2 minute read

HCI Is the Bottleneck in a World with Strong AI

As model capabilities advance, we are rapidly gaining the ability to generate images, videos, and audio from simple text prompts that are indistinguishable from human-generated content.

Yet, even if we discount existing flaws with models, there’s still a huge gap between model capabilities and systems that are effective in practice. I argue this gap is caused primarily by HCI problems and not model capabilities, and the gap will only continue to increase as model capabilities improve.

Is this gap due to failings of HCI? Not entirely. I think it’s also due to the mental model of AI that persists despite growing problems with integrating AI solutions.

AI is typically thought of in the following way:

input -> model -> output

The goal of core machine learning is to create the model that optimizes the output given the input, e.g., producing an output image that most faithfully represents an input text prompt. The central limitation of this model is that it ignores where inputs come from and where outputs go to. The picture looks a little more like this:

human -input-> model -output-> human

Even if we assume a perfect model that optimizes the input-output correlation, the model is still fundamentally limited by the information contained in the input, and the usefulness of the output is still fundamentally limited by a human’s ability to interpret and use it.

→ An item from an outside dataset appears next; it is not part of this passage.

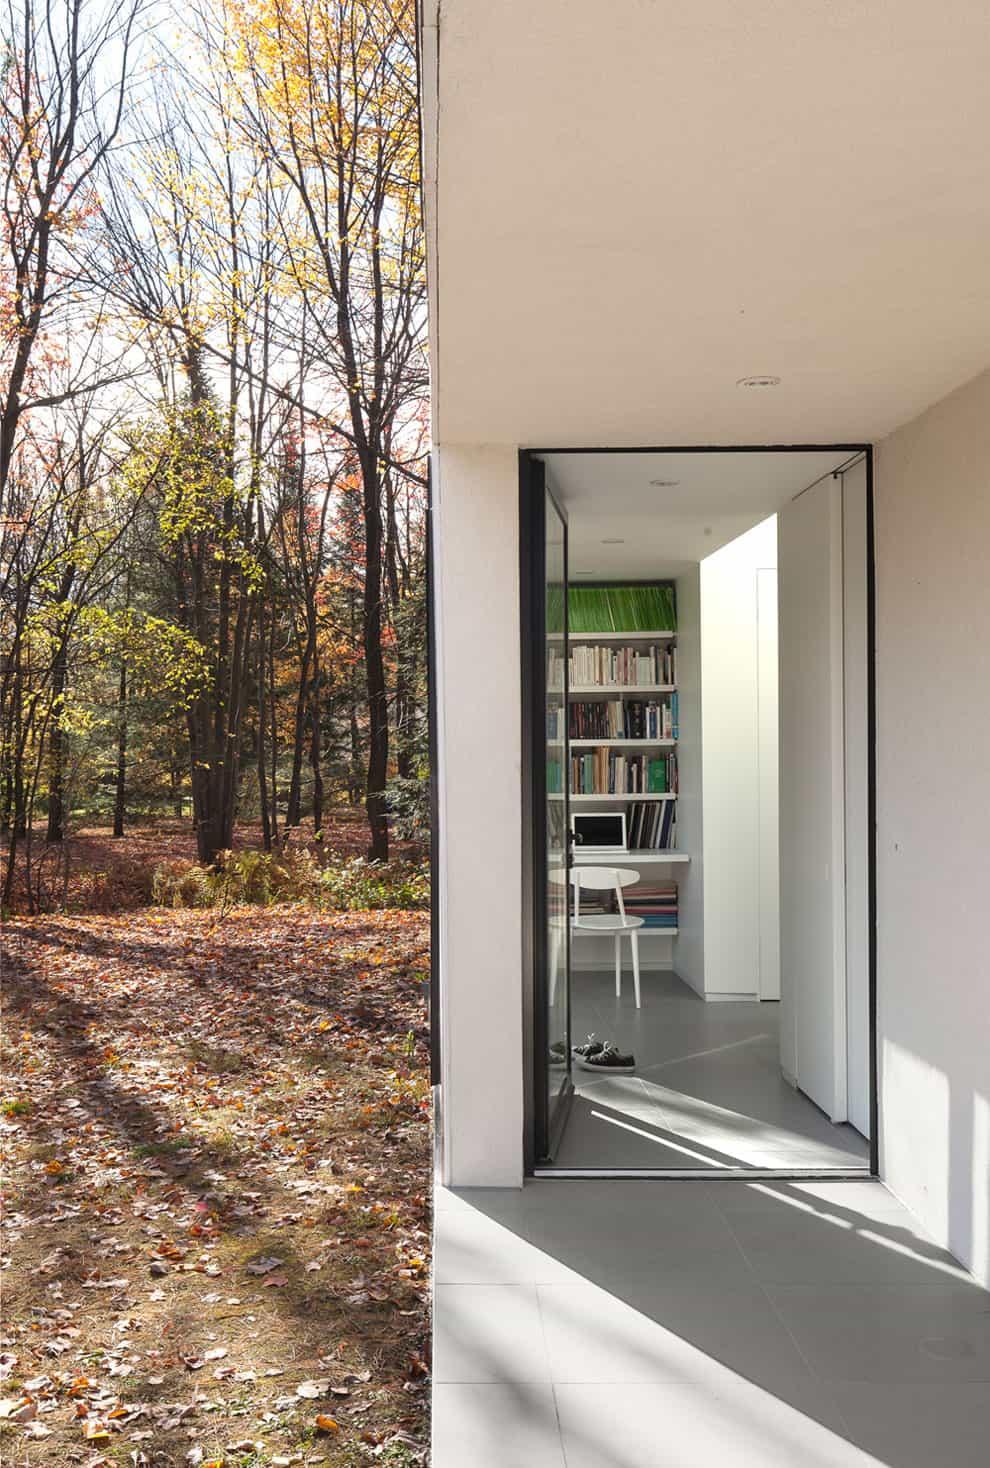 Terrebonne by La SHED Architecture (2)
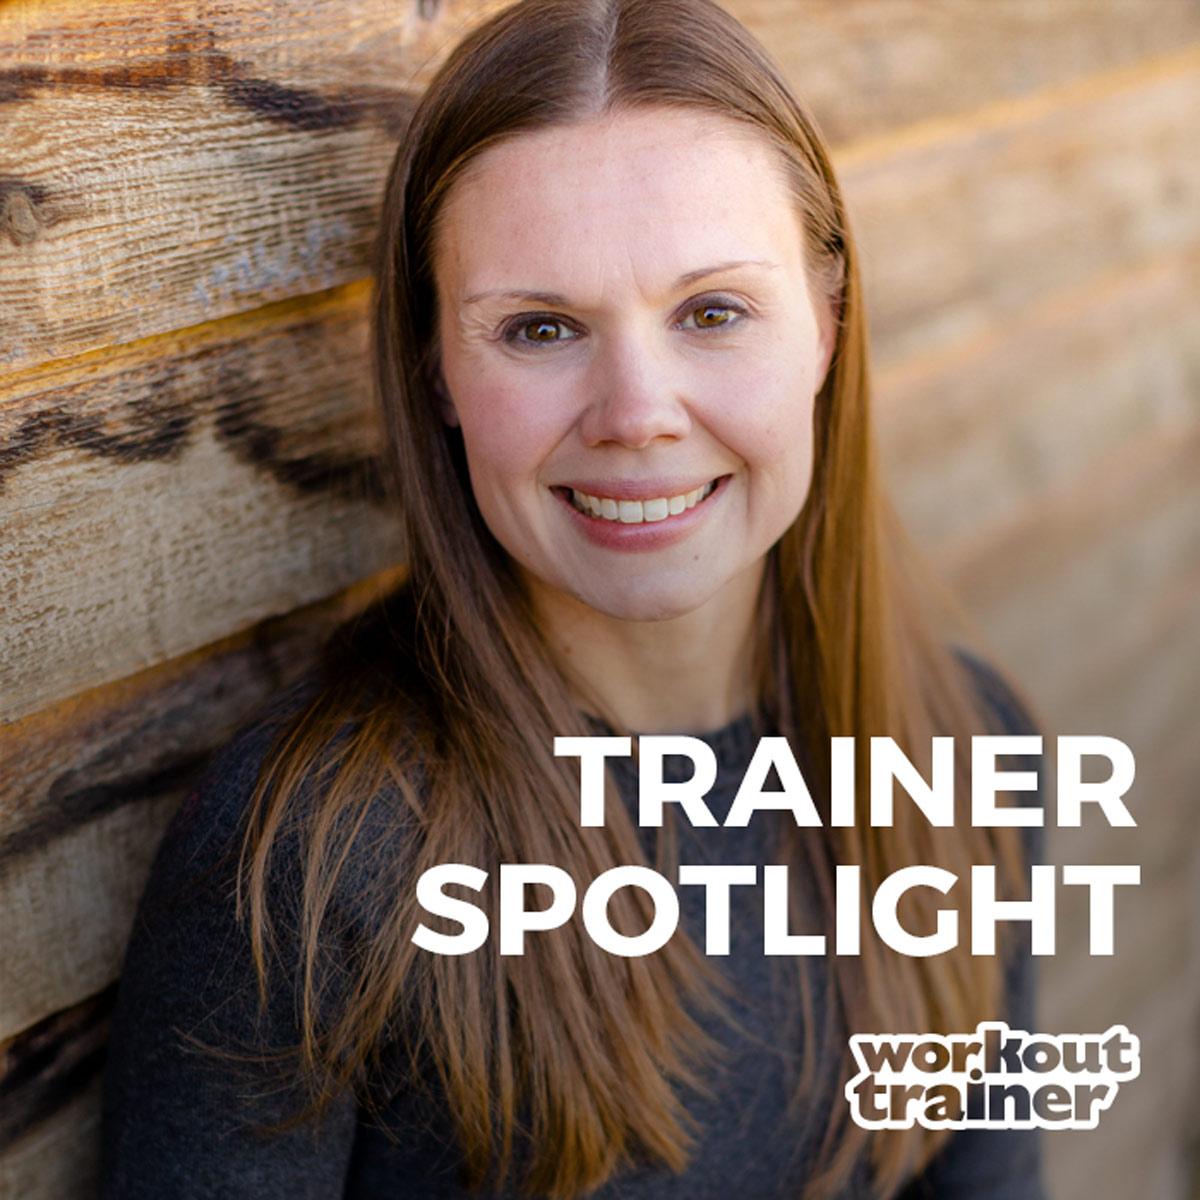 Workout Trainer by Skimble: Trainer Spotlight: Lisa McNett

Improving input and output interfaces is the bottleneck as models get more capable. It can be viewed as an information-theoretic problem. How do you get more bits of information into the input stream? How do you allow humans to interpret more bits of information from the output stream? Now, solutions to these problems aren’t simply algorithmic, but also require existing context to understand. That is, it’s not as simple as cramming in more information, but also in doing so in a way that allows humans to create and understand that information.

What’s the role of HCI with imperfect models?

HCI still has a profound role, possibly a more important role, even with imperfect models. We can think of an imperfect model as a perfect model with some additional (possibly/probably biased) noise. The HCI problems with imperfect models are thus the same as with perfect models but with the added difficultly of allowing humans to understand and handle “noise” in the model output.

Won’t strong AI solve the HCI problem?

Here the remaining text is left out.